The question of jurisdiction to reconsider a disallowed claim arises here because section 57(k) of the old Bankruptcy Act (11 U.S.C. § 93(k)) was reenacted in the new Bankruptcy Code at 11 U.S.C. § 502(j), but section 2(a)(2) of the old Act (11 U.S.C. § 11(a)(2)), cited in the Advisory Committee’s Note to Rule 307, was not reenacted as part of the new Code. Despite this, however, Rule 3001(e) of the Suggested Interim Bankruptcy Rules, which were written for use in cases brought under the new Bankruptcy Code, provides that “Bankruptcy Rule 307 applies in Chapter 11 cases.” It is therefore clear that the Advisory Committee on Bankruptcy Rules believed that the power of the bankruptcy court to reconsider claims which had been disallowed had not been eradicated by the new Bankruptcy Code.
We agree with the Advisory Committee. The Advisory Committee’s Note to Rule 307 cites two sources for the power of a bankruptcy court to reconsider disallowed claims, and one of those sources, the “ancient and elementary power” of a bankruptcy court to reconsider any of its orders,1 *112remains untouched by the new Bankruptcy Code. Moreover, even though section 2(a)(2) was not reenacted in the new Bankruptcy Code, the parties have not cited us to any statutory language, statements or actions on the part of Congress which would indicate congressional disapproval of the position taken in Bankruptcy Rule 307, which went into effect on October 1, 1973, well before the enactment of the new Bankruptcy Code.
Thus, we conclude that the bankruptcy court had jurisdiction to reconsider its own order disallowing the creditor’s claim and that its decision not to reopen the creditor’s claim was not an abuse of discretion. We have considered the remainder of Kirschenbaum’s contentions, and find them to be without merit.
For the foregoing reasons, the district court’s order affirming the bankruptcy court’s rulings will be affirmed.

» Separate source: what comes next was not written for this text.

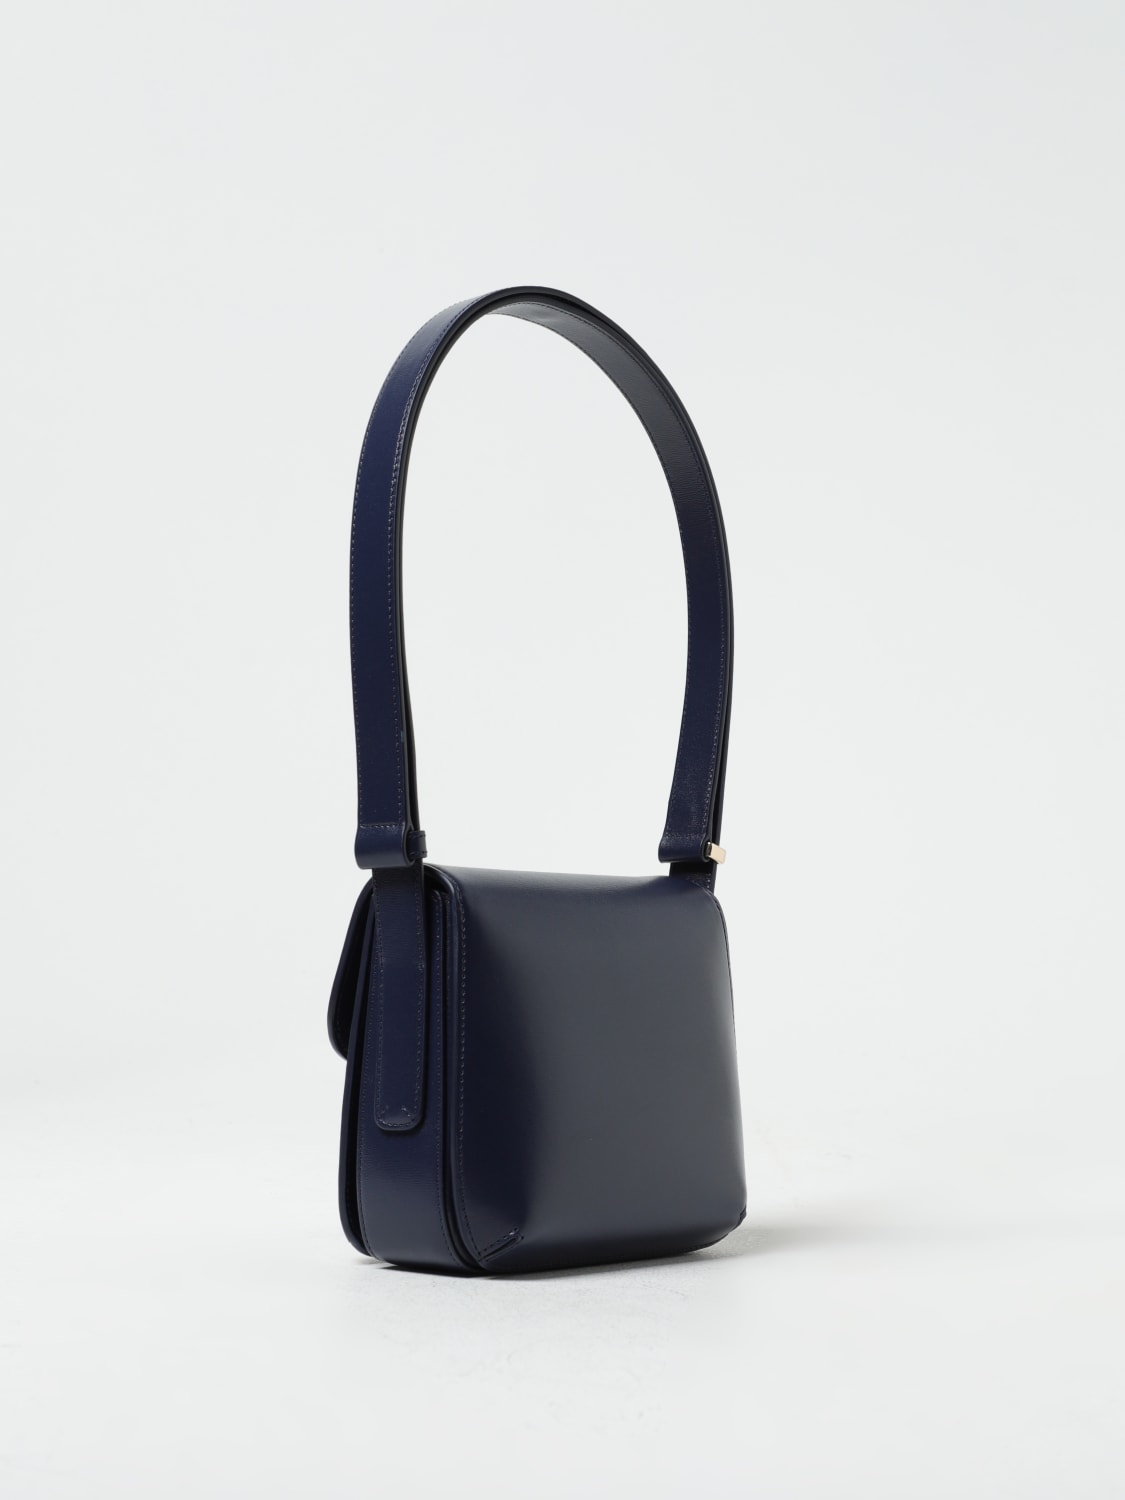 Giorgio Armani Cell Phone Crossbody Bag - Blue Leather

. See In re Brendan Reilly Associates, Inc., 372 F.2d 235, 238-39 (2d Cir. 1967), and cases cited therein; In re Pottasch Bros. Co., 79 F.2d 613, 616-17 (2d Cir. 1935). In Pottasch, the court stated:
[I]f a referee is a court at ail, there is no warrant for saying because an appeal lies from his orders, that he has not the ancient and elementary power to reconsider those orders, nor the faintest reason why he should not do so____ Why it is desirable that [bankruptcy referee] orders, ruat coelum, should be as immutable as the Twelve Tables, once the ink is dry, we cannot understand. ... We hold that a referee has the same power over his orders as the District Judge has over his.

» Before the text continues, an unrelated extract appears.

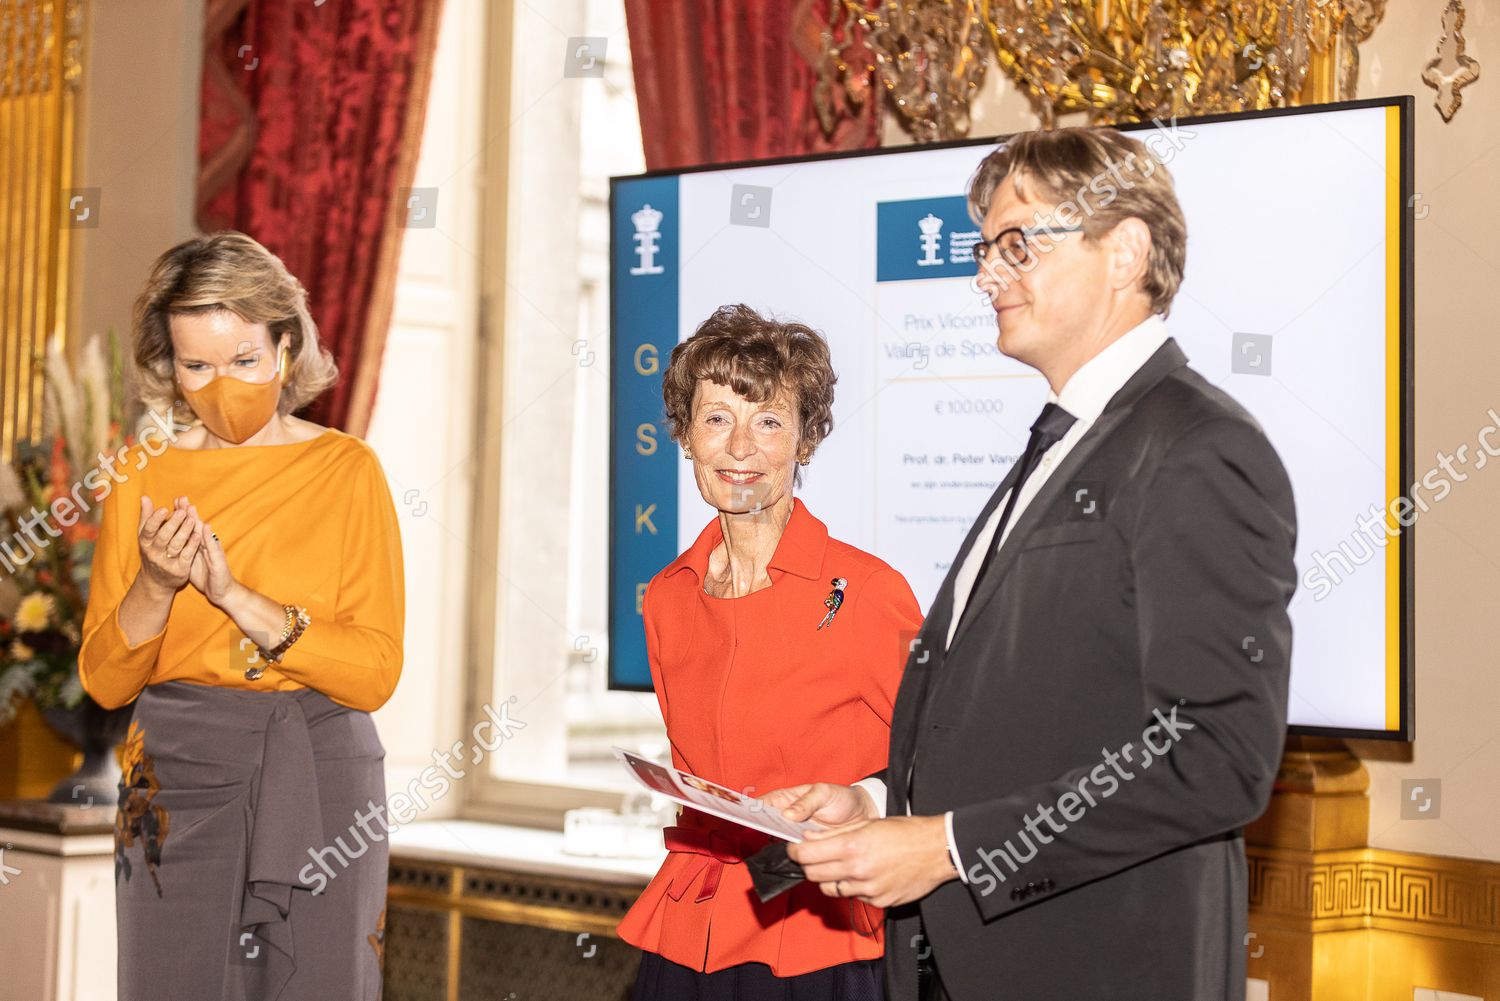 royals-queen-elisabeth-foundation-award-brussels-belgium-shutterstock-editorial-12548022h.jpg

In re Jayrose Millinery Co., 93 F.2d 471 (2d Cir. 1937), relied upon by the debtor, is not dispositive here. That case, which is in any event distinguishable on its facts from the case now before us, cited only section 57(k) of the old *112Bankruptcy Act, and did not mention the “ancient and elementary power to reconsider” orders relied upon by the authors of Rule 307.